Day 2: Enhanced fine-tuning research plan
The enhanced fine-tuning plan is extended to research institutions and enterprises to help users create domain expert models with a small amount of data.
Day 3: Sora official version
The Wensheng video tool Sora is launched, which can create videos with a maximum length of 20 seconds and a resolution of 1080p. It supports Wensheng videos and various editing. Open to Plus and Pro users.
Day 4: Canvas
Released the Canvas collaboration interface, which supports Python code running and parallel editing, improving the writing and programming experience.
Day 5: ChatGPT integrates with Apple’s intelligent system
Integrate with Apple’s intelligent system to enhance Siri’s task processing capabilities, support advanced functions such as document summary and translation, and adapt to the latest iOS, iPadOS and macOS systems.
Day 6: Advanced voice adds video function and Santa Claus mode
Advanced voice mode adds video chat and Santa Claus voice to enhance interactive fun and user experience.
Day 7: Projects function
The Projects function is launched, allowing users to organize folders, upload content, set instructions, and trace past conversations, bringing greater convenience to individual and team collaboration. Answer accurately.
Day 8: All search functions are free, and new map functions are added
ChatGPT search is free and open to all users, supporting real-time information query and map interaction.

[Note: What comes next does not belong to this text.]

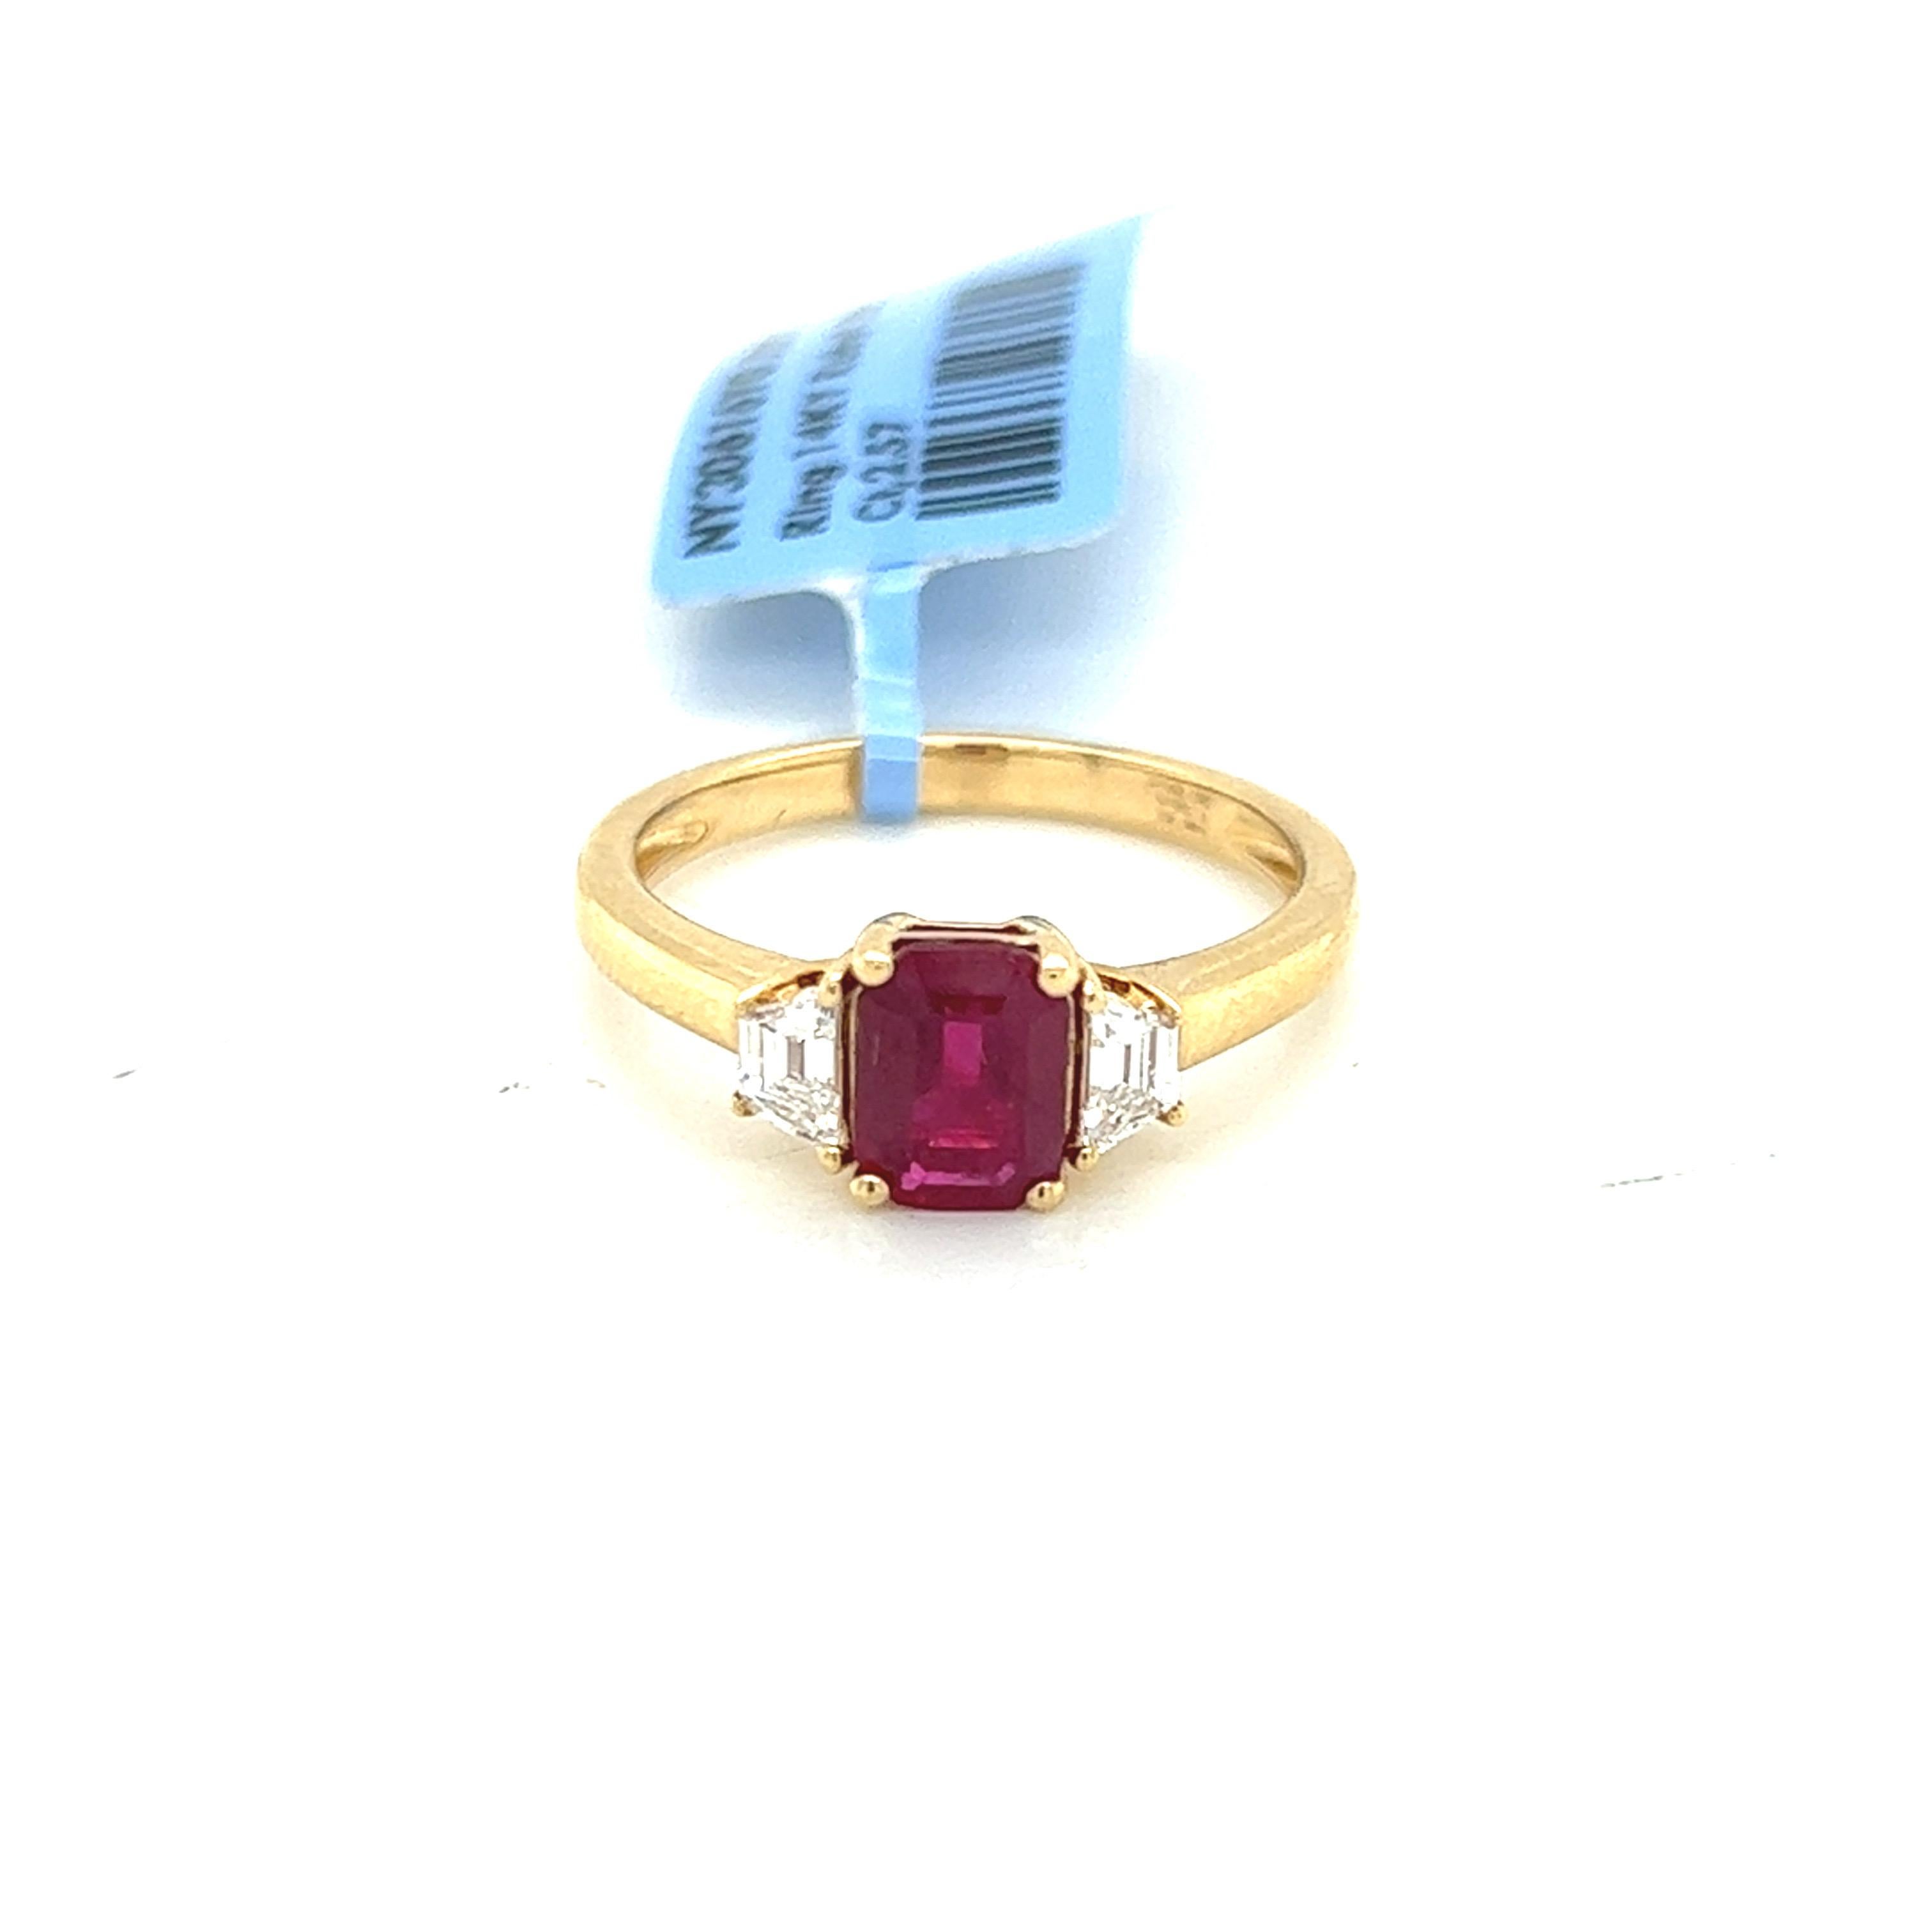 Introducing our exquisite 1.38 Carat Ruby and Diamond Three Stone Ring, a captivating piece of jewelry that radiates elegance and sophistication. The centerpiece of this stunning ring is a natural 1.38 carat emerald-cut ruby, of exceptional quality
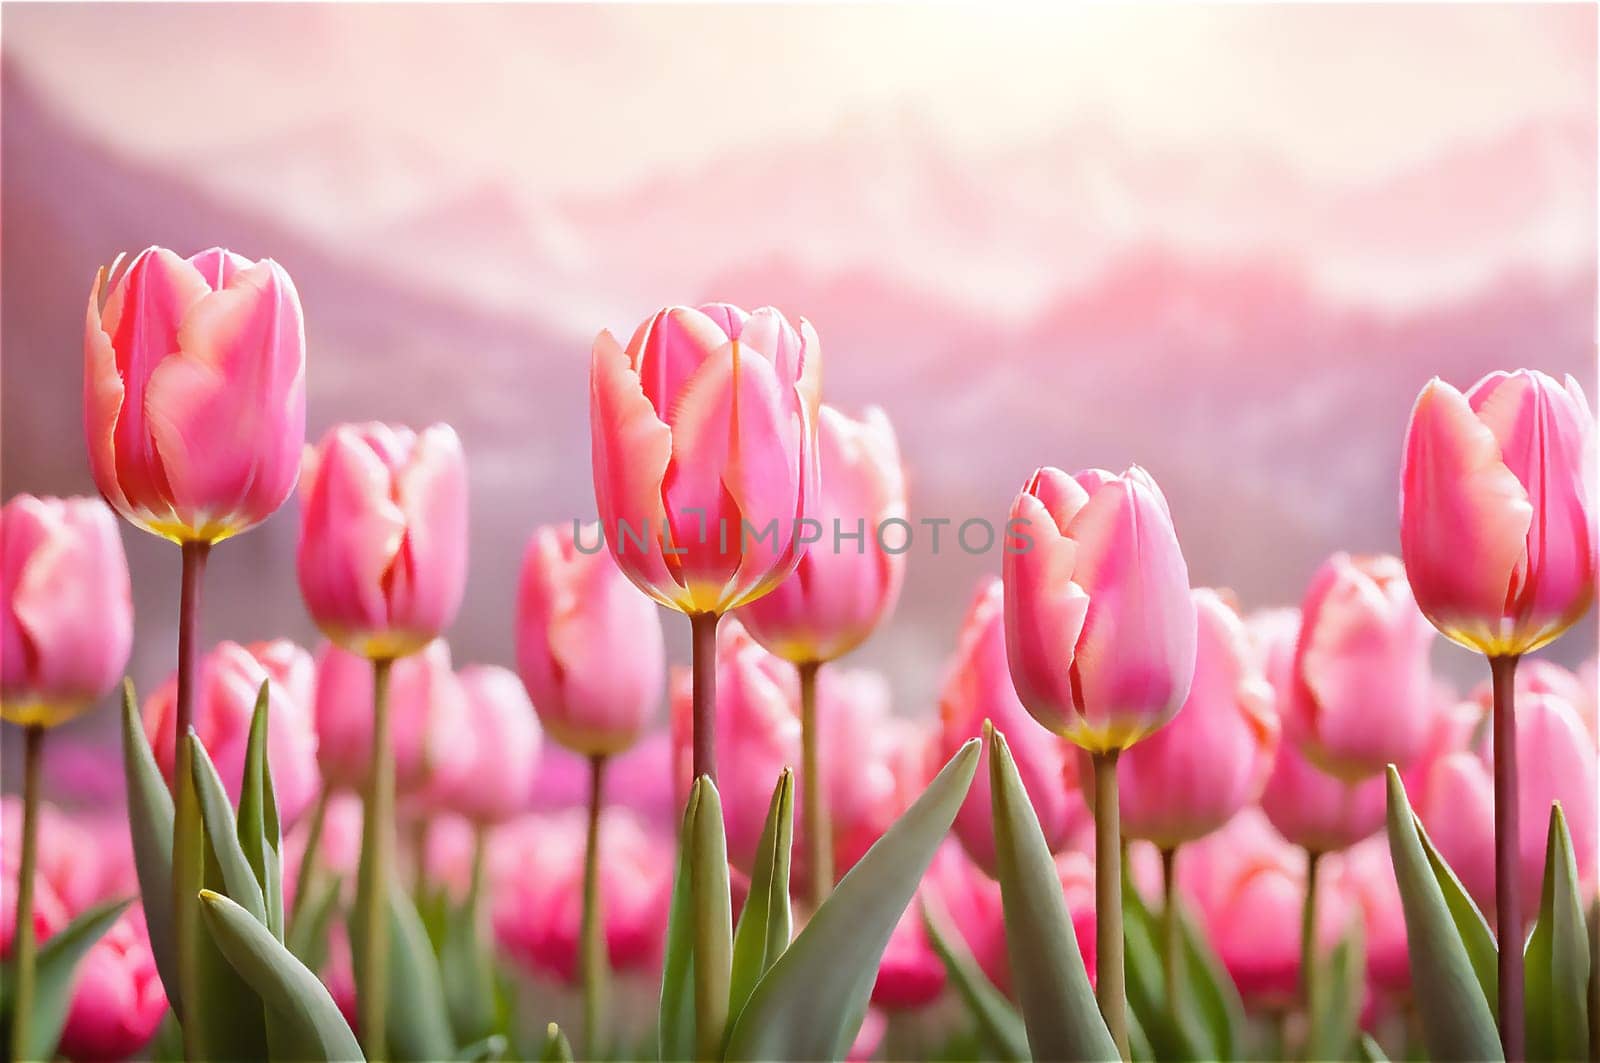 Field of pink tulips close-up on spring day against the backdrop mountains by EkaterinaPereslavtseva

Day 9: Developer Tools and o1 API
OpenAI o1 API is released, optimizing real-time API and fine-tuning tools to provide developers with more flexible and efficient model building capabilities.
Day 10: 1-800-CHATGPT
Launched voice call service. Users can dial "1-800-CHATGPT" over the phone to have a real-time voice conversation with AI.
Day 11: Application integration function
Enhance the integration function of ChatGPT and some applications to achieve direct interaction and control, and improve cross-platform work efficiency and productivity.
Day 12: Next-generation inference models o3 and o3 mini
The strongest inference model so far, o3, and its efficient version, o3 mini, are released. Among them, o3 surpassed the human average level for the first time in the Arc AGI test, and o3 mini achieved performance close to the top model at a low cost through the innovative "adaptive thinking time" function.